Lemma 3.1 provides a simple method to estimate $ B_0
$ through the eigenvectors of $ E[\bigtriangledown \tilde {\sl g}(X)
\bigtriangledown^{\top }\tilde {\sl g}(X)]$. Härdle and Stoker (1989) noted this fact in passing but seemed to have stopped short of exploiting it. Instead, they proposed the so-called ADE method, which suffers from the disadvantages as stated in Section 3.1. Li (1992) proposed the principal Hessian directions (pHd) method by estimating the Hessian matrix of $ {\sl g}(\cdot) $. For a normally distributed design $ X$, the Hessian matrix can be properly estimated simply by the Stein's Lemma. (Cook (1998) claimed that the result can be extended to symmetric design $ X$). However, in time series analysis, the assumption of symmetric design $ X$ is frequently violated. As an example, see (3.28) and Figure 3.5 in the next section. Now, we propose a direct estimation method as follows. Suppose that $ \{(y_i, X_i ), i = 1,2,\cdots, n\} $ is a random sample. First, estimate the gradients $ \bigtriangledown
{\sl g}(X_j ) $ by local polynomial smoothing. Thus, we consider the local $ r$-th order polynomial fitting in the form of the following minimization problem

$\displaystyle \min_{a_j, b_j, c_j }$ $\displaystyle \sum_{i=1}^n$ $\displaystyle \Big[ y_i - a_j -
b_j^{\top }(X_i - X_j)
- \sum_{1<k\le r} \sum_{i_1+\cdots+i_p=k}\Big(c_{i_1,i_2,\cdots,i_p}$ (3.11)
$\displaystyle <tex2html_comment_mark>550$   $\displaystyle \times \{X_i-X_j\}_1^{i_1}\{X_i-X_j\}_2^{i_2}\cdots\{X_i-X_j\}_p^{i_p}\Big) \Big]^2
K_h(X_i - X_j),$  

where $ \{X_i - x\}_k $ denotes the $ k$th element of matrix $ X_i
- x$. Here, $ K(x) $ is a kernel function, $ h$ is a bandwidth and $ K_h(\cdot) = K(\cdot/h)/h^p $. A special case is the local linear fitting with $ r = 1 $. The minimizer $ \hat b_j = (\hat
b_{j1}, \cdots, \hat b_{jp})^{\top } $ is the estimator of $ \bigtriangledown \tilde {\sl g}(X_j ) $. We therefore obtain the estimator of $ E \{\bigtriangledown\tilde {\sl g}(X)
\bigtriangledown^{\top } \tilde {\sl g}(X)\} $ as
$\displaystyle \hat \Sigma = \frac{1}{n}\sum_{j=1}^n\hat b_j \hat b_j^{\top } .$      

Finally, we estimate the $ k$-indexing e.d.r. directions by the first $ k$ eigenvectors of $ \hat \Sigma $. We call this method the method of outer product of gradients estimation (OPG). The difference between the OPG method and the ADE method is that the former uses the second moment of the derivative but the latter uses only the first moment. Unlike the ADE, the OPG method still works even if $ E \bigtriangledown\tilde {\sl g}(X) = 0$. Moreover, the OPG method can handle multiple e.d.r. directions simultaneously whereas the ADE can only handle the first e.d.r. direction (i.e. single-index model).

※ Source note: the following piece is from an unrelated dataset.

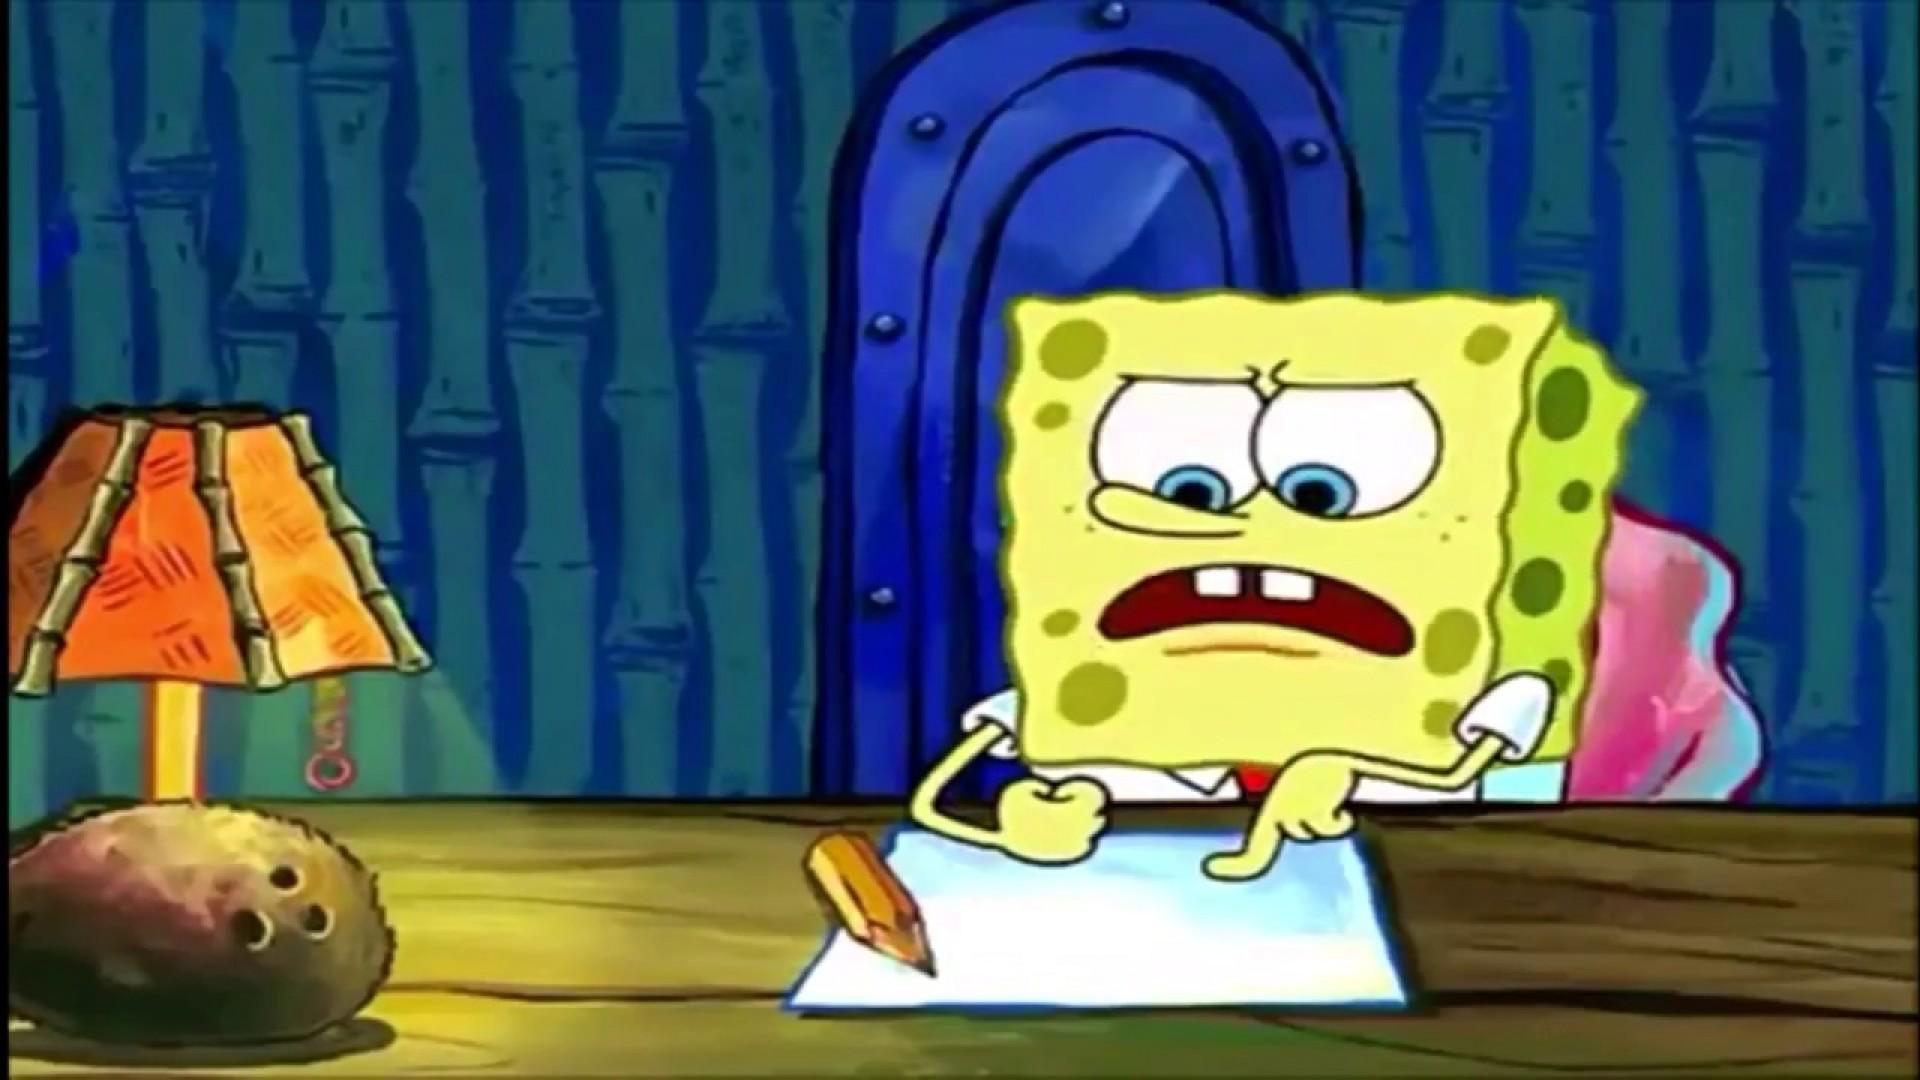 002 Maxresdefault Spongebob Essay Meme Stirring Generator Font 1920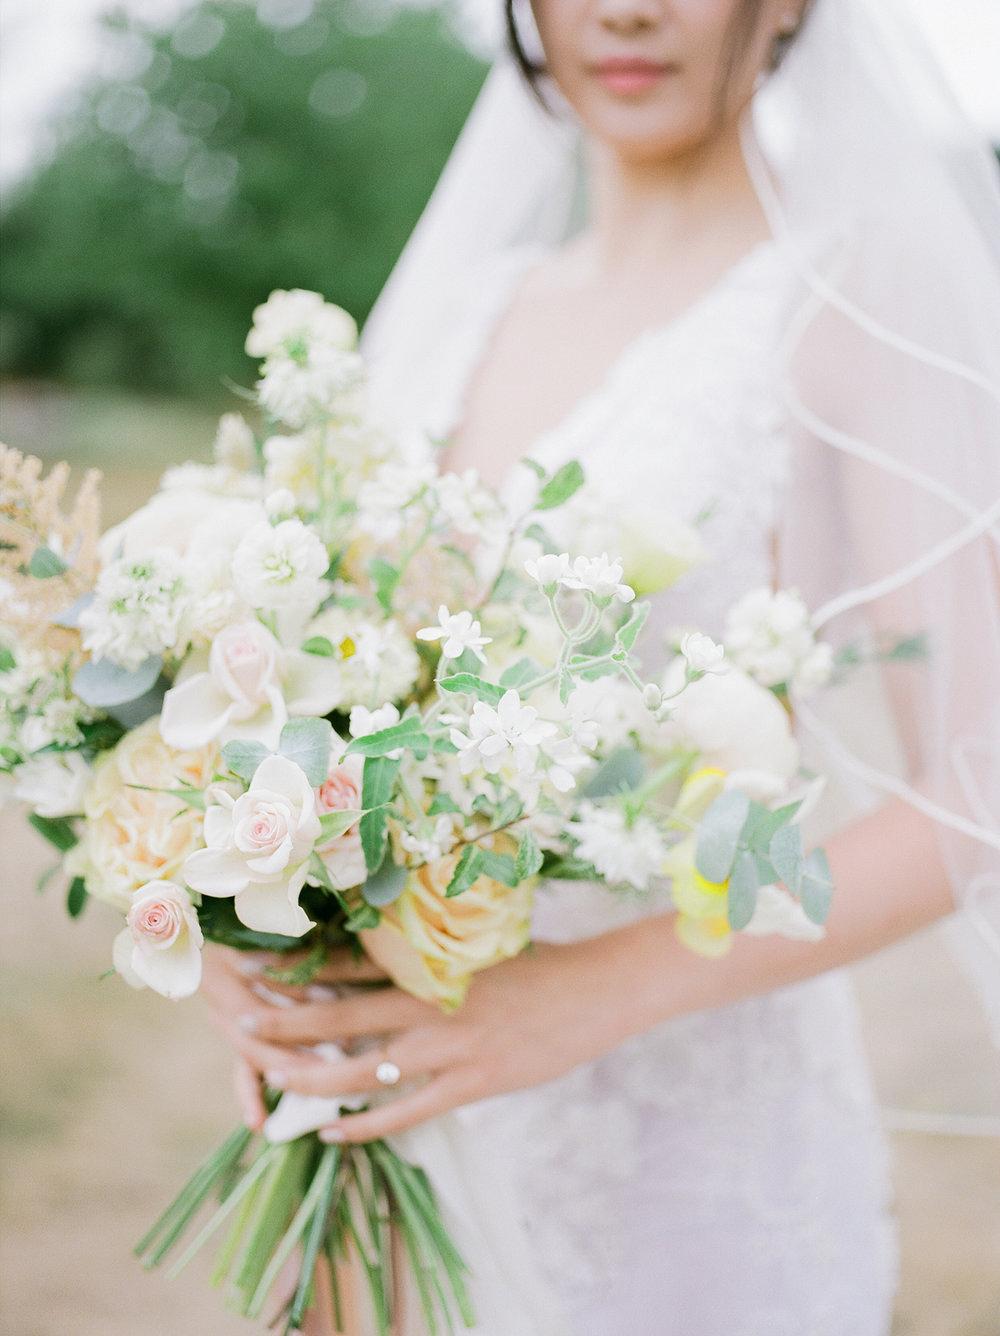 jennifer-xu-photography-vineyard-bride-swish-list-rosewod-eatstes-winery-beamsville-wedding-editorial-36.jpg

THEOREM 3.1   Let $ \hat \beta_1, \cdots, \hat \beta_p $ be the eigenvectors of $ \hat \Sigma $. Suppose that (C1)-(C6) (in Appendix 3.9) hold and model (3.4) is true. If $ nh^p/\log n
\to \infty $ and $ h \to 0 $, then for any $ k \le D $,
$\displaystyle \Vert (I-B_0B_0^{\top })\hat \beta_k \Vert = O_P (h^r + \delta_n^2
h^{-1}),$      

where $ \delta_n = \{ \log n/(nh^p )\}^{1/2} $ and $ \Vert M \Vert $ denotes the Euclidean norm of $ M$. If further, $ r > p-2 $ and $ h = O(n^{-\tau}) $ with $ \{ 2(p-2)\}^{-1} > \tau > (2r)^{-1} $, then
$\displaystyle \Vert (I-B_0B_0^{\top })\hat \beta_k\Vert = O_P(n^{-1/2}).$      

Similar results were obtained by Härdle and Stoker (1989) for the ADE method. Note that the optimal bandwidth for the estimation of the regression function (or the derivatives) in the sense of the mean integrated squared errors (MISE) is $ h_{opt} \sim
n^{-1/\{2(r+1) + p\}} $. The fastest convergence rate for the estimator of the directions can never be achieved at the bandwidth of this value, but is actually achieved at $ h \sim
n^{-1/(r+1+p)}$, which is smaller than $ h_{opt} $. This point has been noticed by many authors in other contexts. See for example Hall (1984), Weisberg and Welsh (1994), and Carroll et al. (1997).


3.2.2 The Varying-coefficient Model

Let $ Z = (1, z_1, \cdots, z_q)^{\top } $ and $ C(X) = (c_0(X),
c_1(X), \cdots, c_q(X))^{\top } $. Then model (3.7) can be written as $ y = Z^{\top } C(X) $. It is easy to see that

$\displaystyle C(x) = \{\textrm{E}(ZZ^{\top }\vert X=x)\}^{-1} \textrm{E}(Zy\vert X=x).$      

LEMMA 3.2   Suppose that $ c_0(x), \cdots, c_q(x) $ are differentiable. If model (3.8) is true, then $ B_0
$ is in the space spanned by the first $ D$ eigenvectors of $ E\{\bigtriangledown C(X)$ $ \bigtriangledown^{\top } C(X)] $, where $ \bigtriangledown C(X) =
(\bigtriangledown c_0(X), \cdots, \bigtriangledown c_q(X)). $

Similarly, we can estimate the gradient $ \bigtriangledown C(x) $ using a nonparametric method. For example, if we use the local linear smoothing method, we can estimate the gradients by solving the following minimization problem

$\displaystyle \min_{c_k, b_k: k = 0, 1, \cdots, q} \sum_{i=1}^n \left\{
y_i - \sum_{k=0}^q [ c_k(x) +
b_k^{\top }(x) (X_i - x) ] z_k \right\}^2 K_h(X_i - x).$      

Let $ \{ \hat c_k(x), \hat b_k(x): k = 0, \cdots, q\} $ be the solutions. Then, we get the estimate $ \widehat {\bigtriangledown
C}(X_j) = (\hat b_0(X_j),\hat b_1(X_j), \cdots, \hat b_q(X_j) )
$. Finally, $ B_0
$ can be estimated by the first $ D$ eigenvectors of $ n^{-1} \sum_{j=1}^n \widehat {\bigtriangledown
C}(X_j) \widehat {\bigtriangledown C}^{\top }(X_j) $.